Sometimes the people lending the money need a bit more to rely on than your confidence alone, this is where secured loans come in. Secured loans are loans that are designed for homeowners. When the lenders lend the money they are tying it to the home, if the borrower is unable to pay back the loan, the lenders will claim their money through their home. If the borrowers are able to pay the money back in full and on time, they continue to be the owners of their own home.

Secured loans are likely to be bigger and come with lower interest rates but they certainly do come with a obvious risks to your property and therefore to your financial security. In order to receive this loan, borrowers are putting a lot on the line.

Unsecured Loans

Unsecured loans, however, are attractive to both homeowners and non-homeowners (or tenants) alike. Statistics actually show that an equal number of home owners and tenants opt for unsecured loans because of it’s benefits. Loans such as these typically provide smaller amounts of cash with shorter processing time and higher interest rates designed to help people out of a sticky financial situation as quickly as possible. These loans have nothing to do with residential status, rather the loan provided is calculated based on your monthly income and on your predicted ability to pay back the loan in full and on time.

This is basically your Debt To Income ratio (DTI). DTI is built up by your total monthly income divided by your total monthly loan repayments. A DTI of 20% is considered a very good DTI ratio. It is important that you keep your DTI promising for your credit card score and in order to establish yourself as an attractive candidate for an unsecured loan or secured loan.

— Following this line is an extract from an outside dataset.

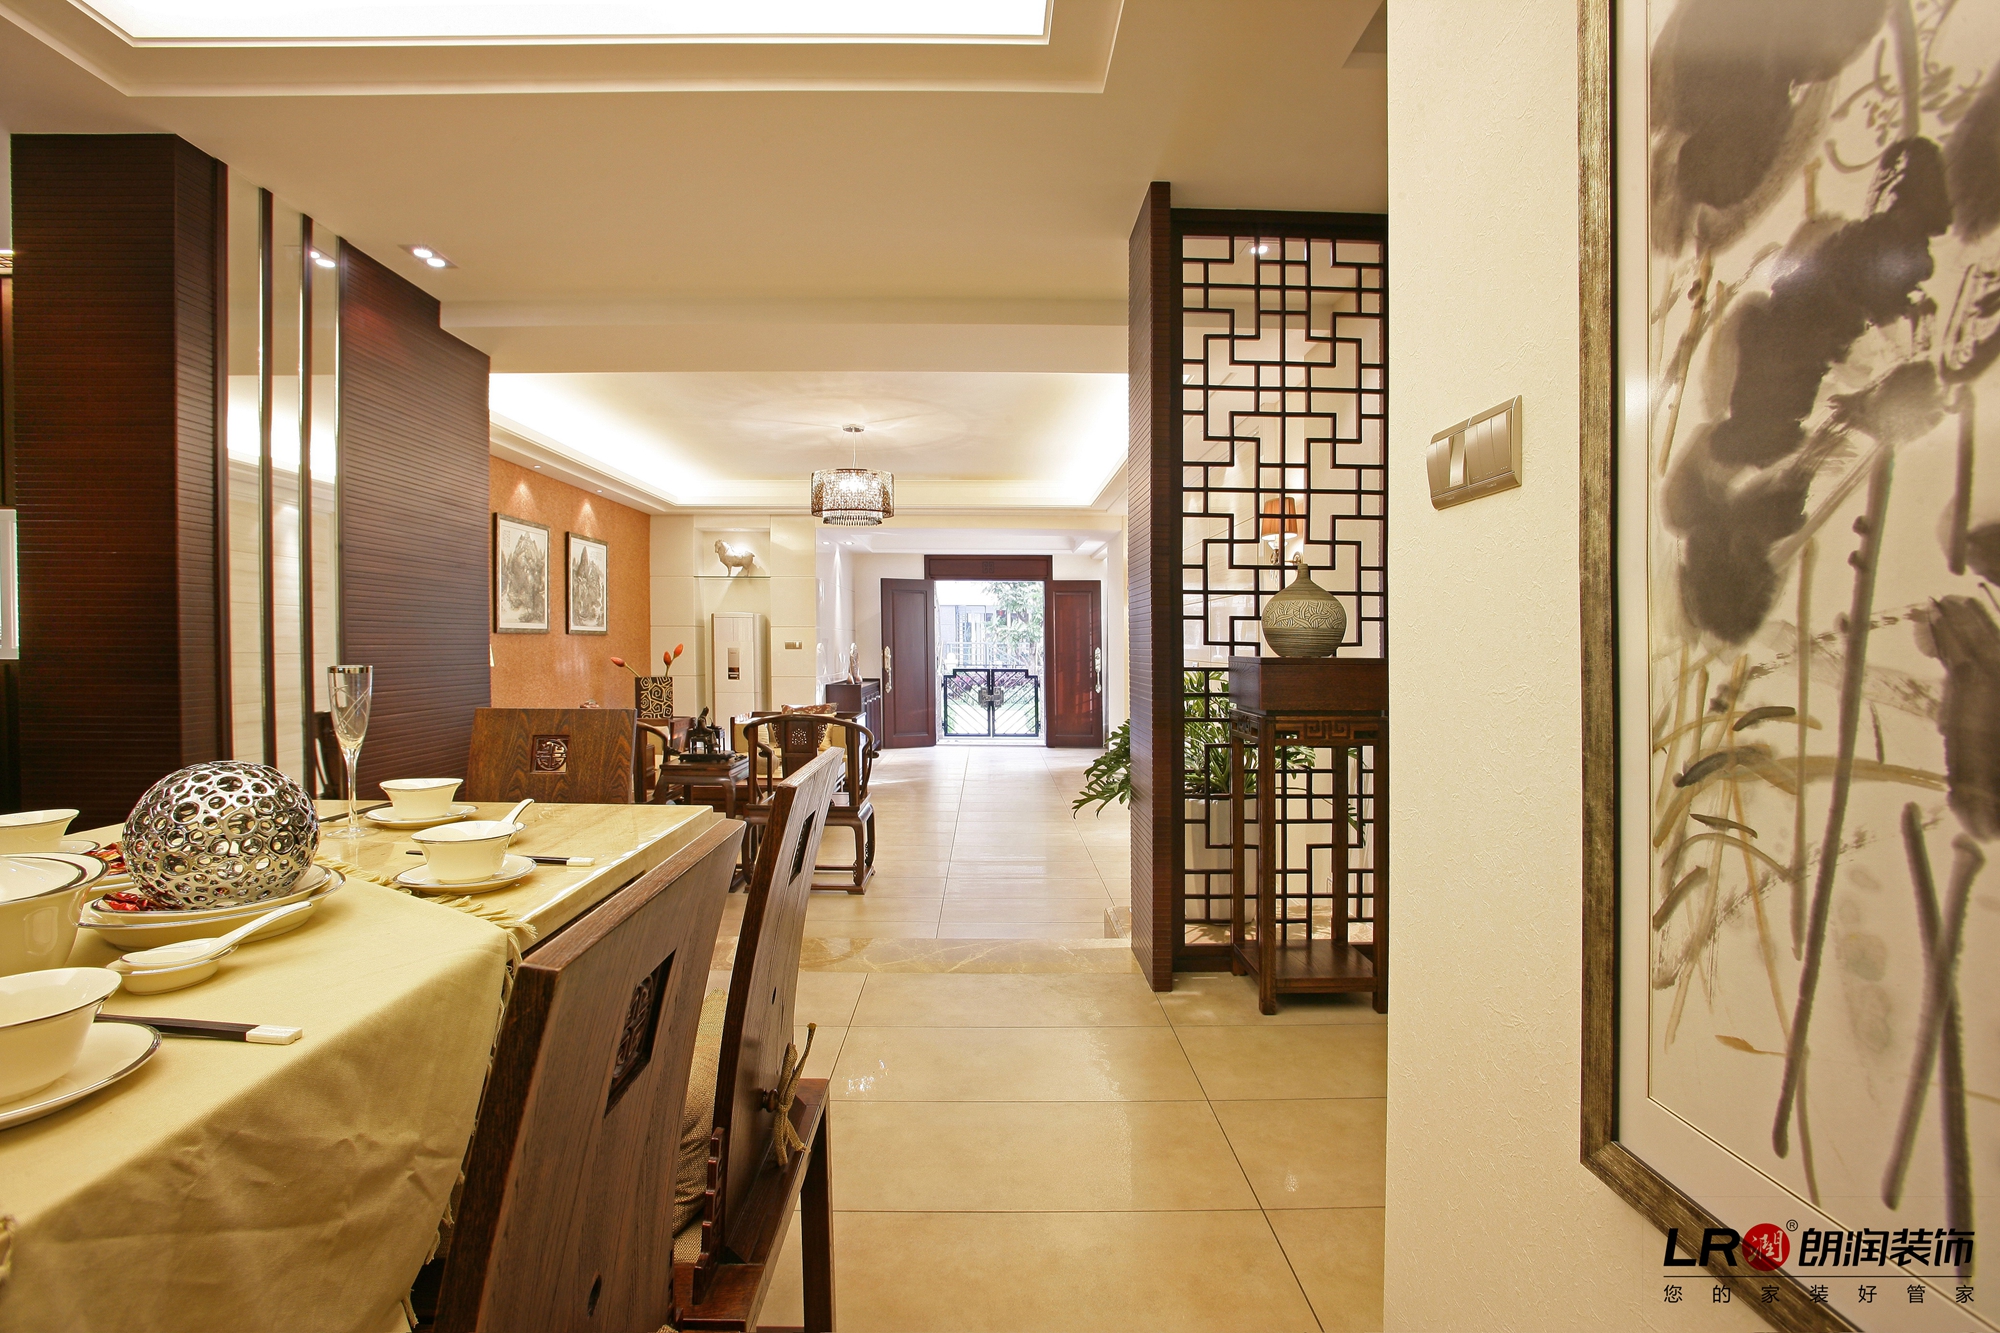 古色古香 中式 复式 风雅 古典 餐厅图片来自用户5156624388在精致风雅古色古香中式风格的分享

The downside of unsecured loan may be obvious; although you are not risking your property and home, if you are late paying your repayments (as research show an increasing number of borrowers are) interest rates start to climb, credit card scores begin to plummet and in extreme cases legal action can be taken against the borrower. It is therefore of the utmost importance to make a well informed estimation regarding the loan that you are most confident you will be able to pay back comfortably, without stretching any existing resources.